Norton secured the rights to the Eisner back in 2004 (he passed away in 2005) and have been steadily releasing nicely presented trade paperback and hardcover editions since then. The trilogy that made up A Contract with God came out in 2005, while a quarter of Gotham-centric titles were bundled into the hefty Will Eisner’s New York a year later. Those four titles—City People Notebook, New York the Big City, Invisible People, and The Building; all originally published between the early-1980s and early-1990s—were then released last December as individual paperbacks.

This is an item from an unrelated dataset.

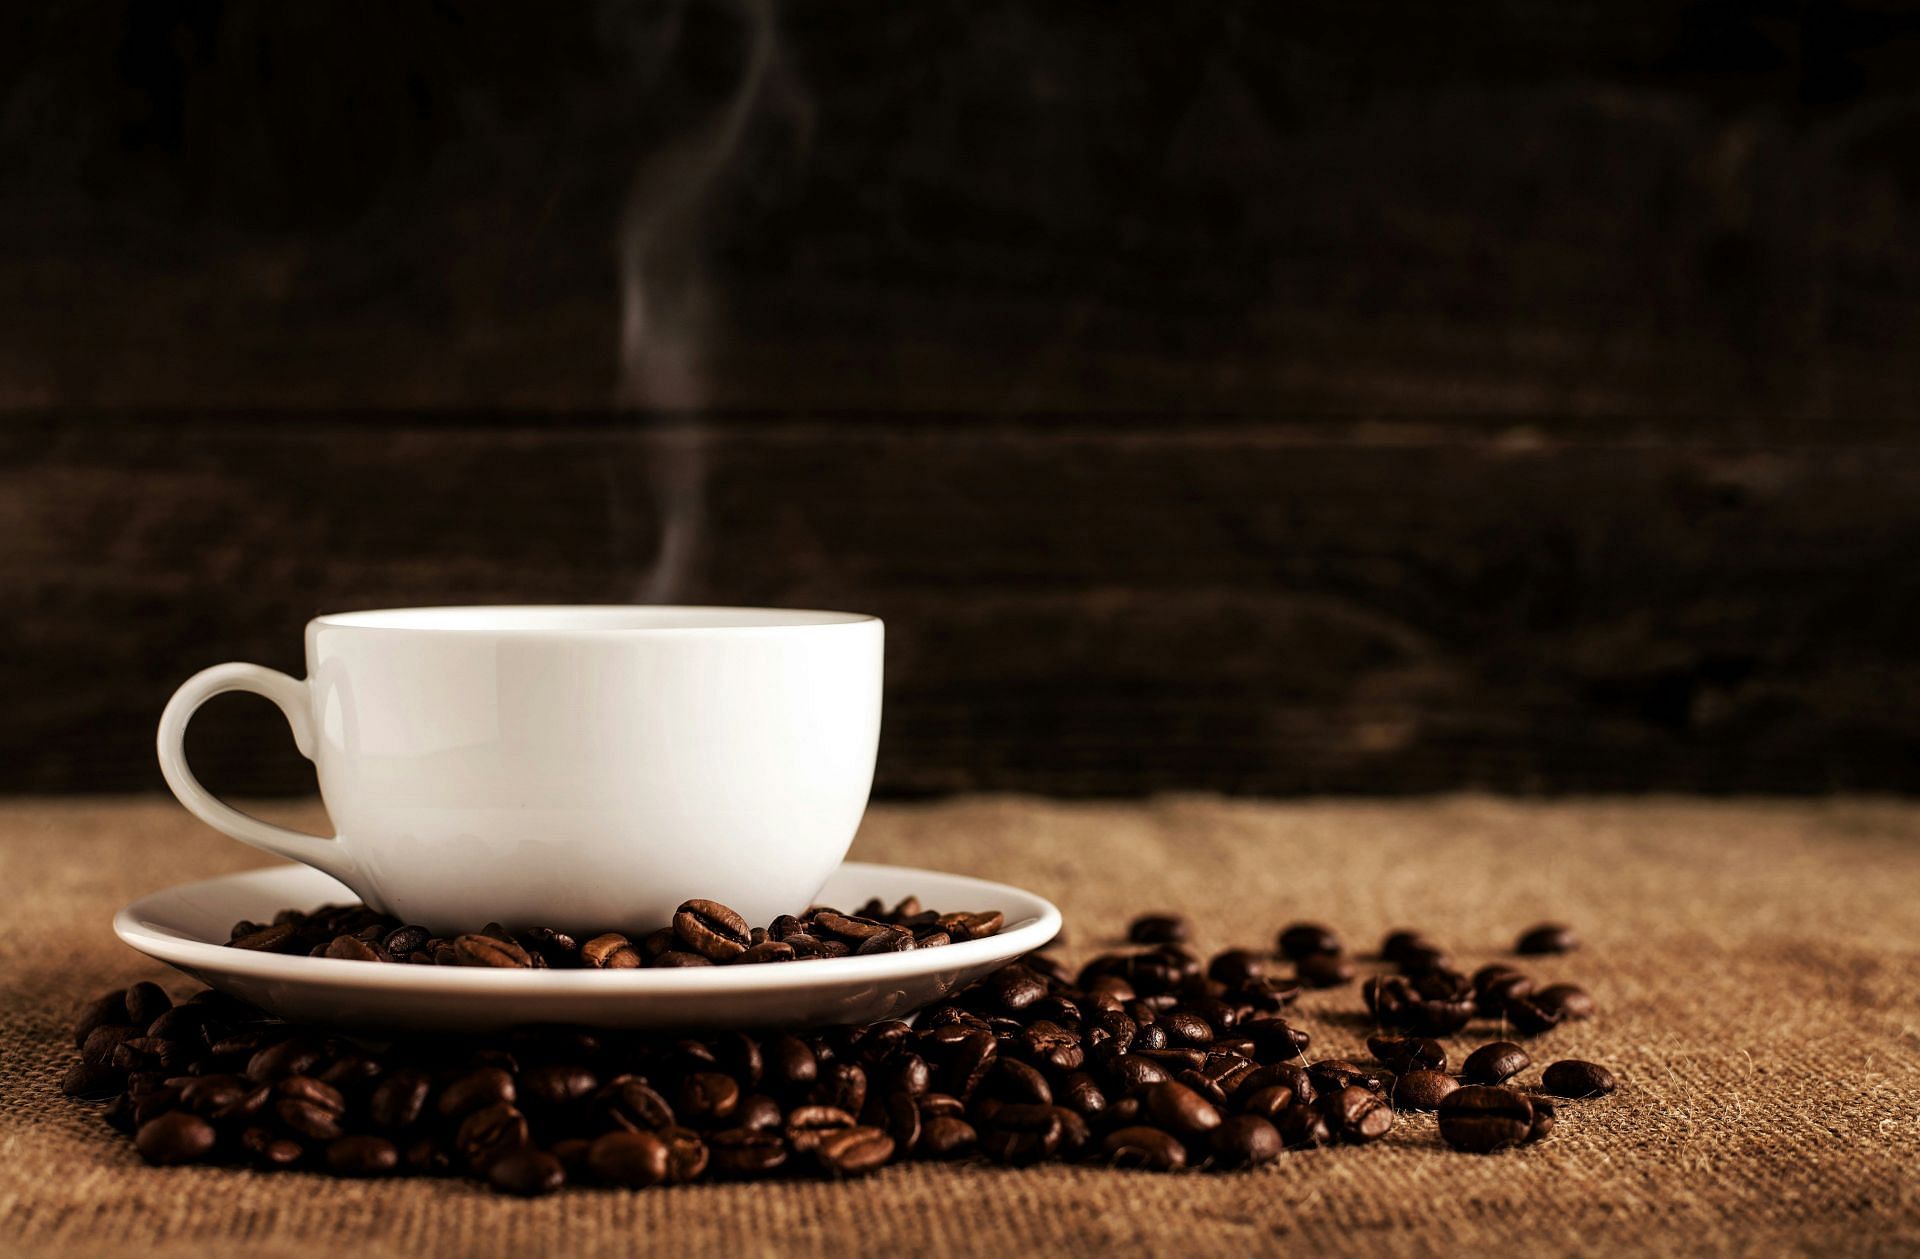 Wondering how to increase REM sleep? Drink coffee wisely (Image by Mike Kenneally/Unsplash)

As groundbreaking as Eisner was in pushing the idea that comics could be not just serious but also art, in a sense, there remains an overwhelming sense of the past around his work, even the material drawn only a couple decades ago. The rubbery-faced goons who galumph through these books, all exaggerated features and shabby clothes, seem at first like caricatures out of some Depression-era vaudeville. Eisner’s faces are rarely just there, instead registering Dickensian pathos or Broadway musical-style joy, without a lot of shading in between. The style is right out there and populist in the great early-to-mid 20th century style, located visually somewhere between Mad and Playboy. These stories of love and loss in the great big city of New York range from the two-page character vignettes of New York the Big City (all true then as they are now and fifty years hence) to the fairy-tale tragedy of The Building, many of them moral fables anchored around a particularly concrete piece of real estate, whether it’s a subway grate or office building.
Being the fantasist at heart, these books seem almost a truer expression of Eisner’s heart than the three weighty “autobiographical stories” bundled together in Life in Pictures (also released late in 2007 and reviewed in full by PopMatters’ Erik Hinton here). Although the trilogy—To the Heart of the Storm, The Name of the Game, and The Dreamer—contain a number of sharply drawn portraits that limn the corners of the Jewish-American experience, whether in high society or a comics sweatshop, they seem more forced and less organic than the self-contained fables of the New York novels. Some things just beg to be made up.